According to the U.S. Census Bureau, the Potomac CDP has an area of 0.28 sqmi, all land.

===Climate===
According to the Köppen Climate Classification system, Potomac has a warm-summer humid continental climate, abbreviated "Dfb" on climate maps.

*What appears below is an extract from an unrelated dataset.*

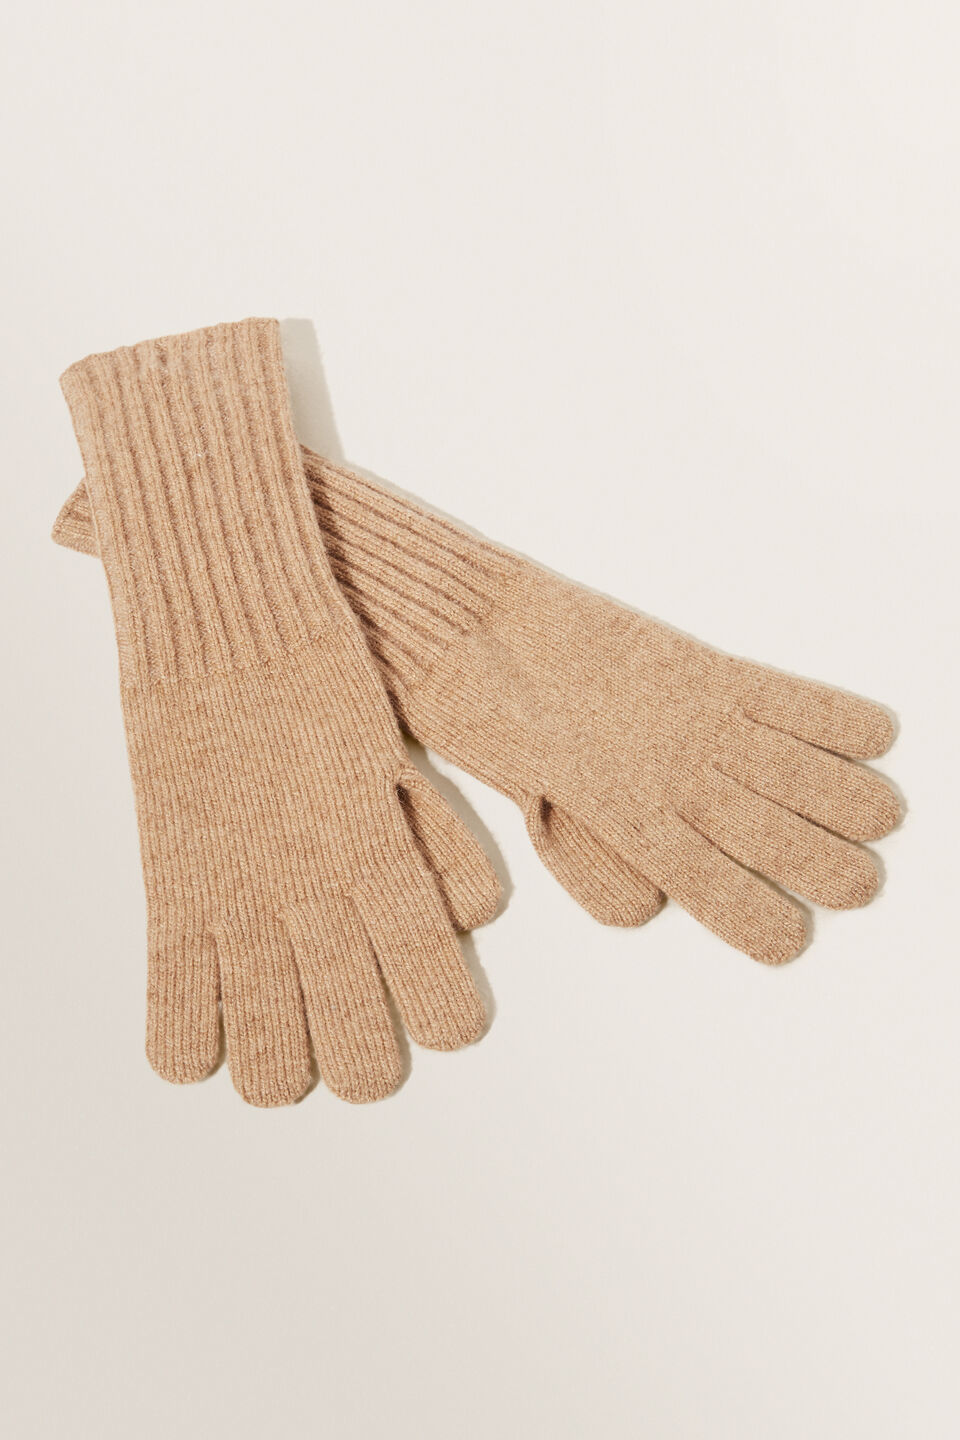 Rib Knit Gloves  Honey Dew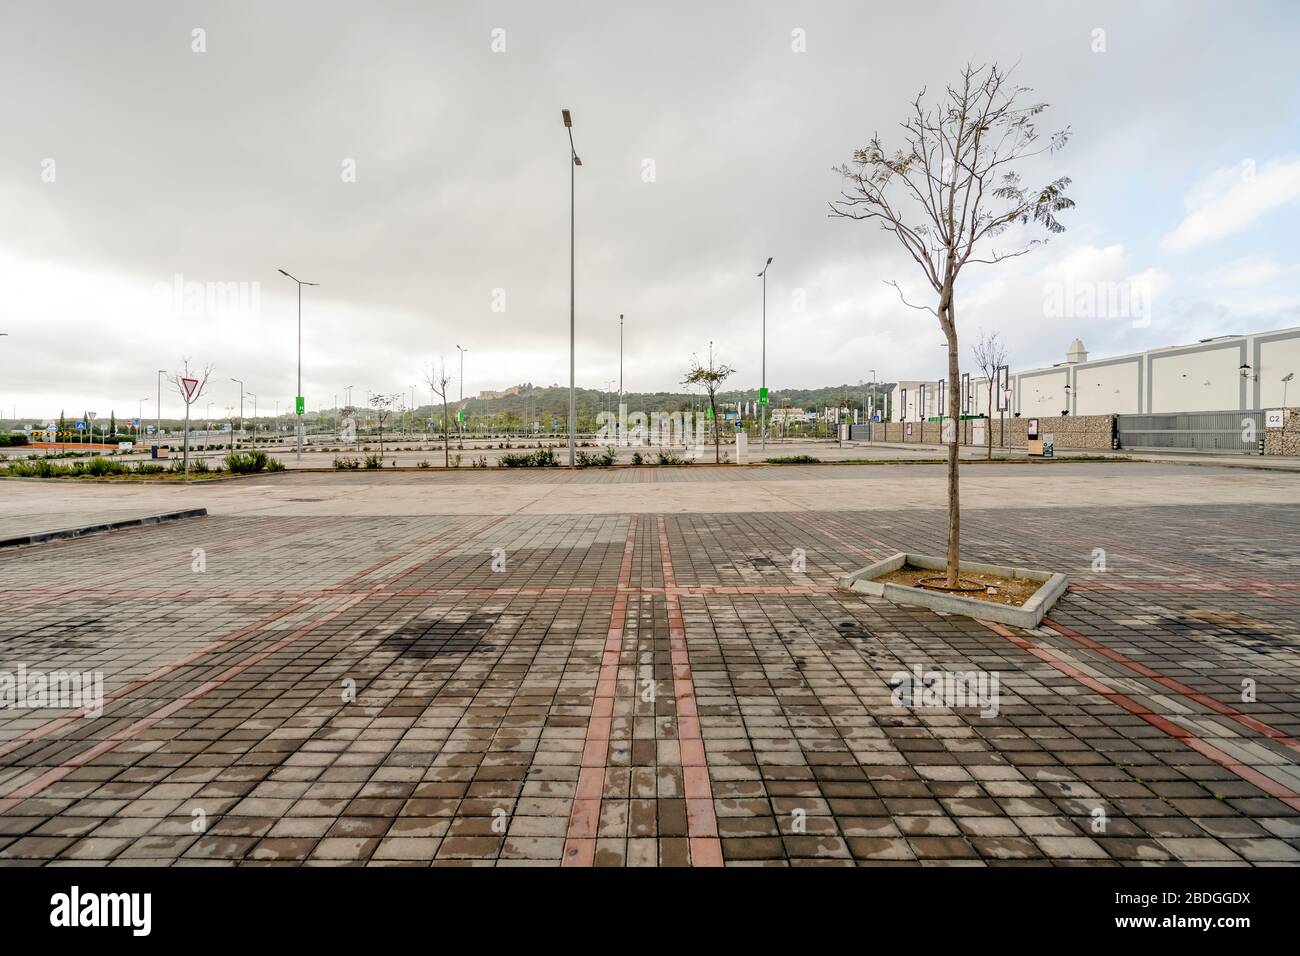 Faro, Portugal - 7. April 2020: Leerer Parkplatz vor dem größten Einkaufszentrum der Algarve - MAR Shopping Mall, Designer Outlet und Ikea - fällig Stockfoto

The hottest temperature recorded in Potomac was 103 F on July 14, 002, while the coldest temperature recorded was -50 F on December 23-24, 1983.

Climate data for Potomac, Montana, 1991–2020 normals, extremes 1964–present
| Month | Jan | Feb | Mar | Apr | May | Jun | Jul | Aug | Sep | Oct | Nov | Dec | Year |
| Record high °F (°C) | 60 (16) | 64 (18) | 76 (24) | 86 (30) | 97 (36) | 97 (36) | 103 (39) | 102 (39) | 97 (36) | 88 (31) | 72 (22) | 64 (18) | 103 (39) |
| Mean maximum °F (°C) | 46.2 (7.9) | 50.6 (10.3) | 62.4 (16.9) | 74.3 (23.5) | 83.4 (28.6) | 88.4 (31.3) | 95.3 (35.2) | 94.3 (34.6) | 89.2 (31.8) | 76.6 (24.8) | 55.7 (13.2) | 44.7 (7.1) | 97.0 (36.1) |
| Mean daily maximum °F (°C) | 29.8 (−1.2) | 35.0 (1.7) | 45.5 (7.5) | 53.8 (12.1) | 64.0 (17.8) | 71.3 (21.8) | 82.0 (27.8) | 81.8 (27.7) | 71.0 (21.7) | 55.4 (13.0) | 39.3 (4.1) | 29.1 (−1.6) | 54.8 (12.7) |
| Daily mean °F (°C) | 19.1 (−7.2) | 21.7 (−5.7) | 31.5 (−0.3) | 38.8 (3.8) | 46.9 (8.3) | 54.8 (12.7) | 61.3 (16.3) | 60.2 (15.7) | 51.5 (10.8) | 39.4 (4.1) | 27.7 (−2.4) | 18.9 (−7.3) | 39.3 (4.1) |
| Mean daily minimum °F (°C) | 8.3 (−13.2) | 8.5 (−13.1) | 17.5 (−8.1) | 23.8 (−4.6) | 29.9 (−1.2) | 38.3 (3.5) | 40.6 (4.8) | 38.7 (3.7) | 32.0 (0.0) | 23.4 (−4.8) | 16.2 (−8.8) | 8.7 (−12.9) | 23.8 (−4.6) |
| Mean minimum °F (°C) | −17.6 (−27.6) | −13.5 (−25.3) | 1.0 (−17.2) | 13.6 (−10.2) | 18.9 (−7.3) | 28.2 (−2.1) | 32.6 (0.3) | 29.8 (−1.2) | 22.0 (−5.6) | 6.3 (−14.3) | −0.6 (−18.1) | −13.2 (−25.1) | −27.4 (−33.0) |
| Record low °F (°C) | −47 (−44) | −45 (−43) | −37 (−38) | −4 (−20) | 13 (−11) | 23 (−5) | 24 (−4) | 22 (−6) | 10 (−12) | −21 (−29) | −23 (−31) | −50 (−46) | −50 (−46) |
| Average precipitation inches (mm) | 1.38 (35) | 1.03 (26) | 0.76 (19) | 1.13 (29) | 1.86 (47) | 2.16 (55) | 0.83 (21) | 0.62 (16) | 0.91 (23) | 1.46 (37) | 1.55 (39) | 1.41 (36) | 15.10 (384) |
| Average snowfall inches (cm) | 15.5 (39) | 7.2 (18) | 4.6 (12) | 1.3 (3.3) | 0.4 (1.0) | 0.0 (0.0) | 0.0 (0.0) | 0.0 (0.0) | 0.2 (0.51) | 1.9 (4.8) | 7.4 (19) | 13.3 (34) | 51.8 (131.61) |
| Average extreme snow depth inches (cm) | 11.1 (28) | 11.5 (29) | 9.5 (24) | 1.5 (3.8) | 0.2 (0.51) | 0.0 (0.0) | 0.0 (0.0) | 0.0 (0.0) | 0.1 (0.25) | 0.5 (1.3) | 3.8 (9.7) | 10.6 (27) | 16.8 (43) |
| Average precipitation days (≥ 0.01 in) | 8.0 | 5.9 | 5.6 | 5.6 | 8.0 | 9.5 | 5.4 | 3.9 | 5.4 | 7.0 | 8.0 | 8.2 | 80.5 |
| Average snowy days (≥ 0.1 in) | 5.6 | 4.8 | 2.8 | 0.7 | 0.1 | 0.0 | 0.0 | 0.0 | 0.1 | 0.8 | 2.9 | 6.5 | 24.3 |
Source 1: NOAA
Source 2: National Weather Service

==Demographics==

Historical population
| Census | Pop. | Note | %± |
| 2020 | 26 |  | — |
U.S. Decennial Census

== Media ==
The Seeley-Swan Pathfinder is the newspaper for Potomac. It is published weekly.

==Education==
The school districts are Potomac Elementary School District and Missoula High School District.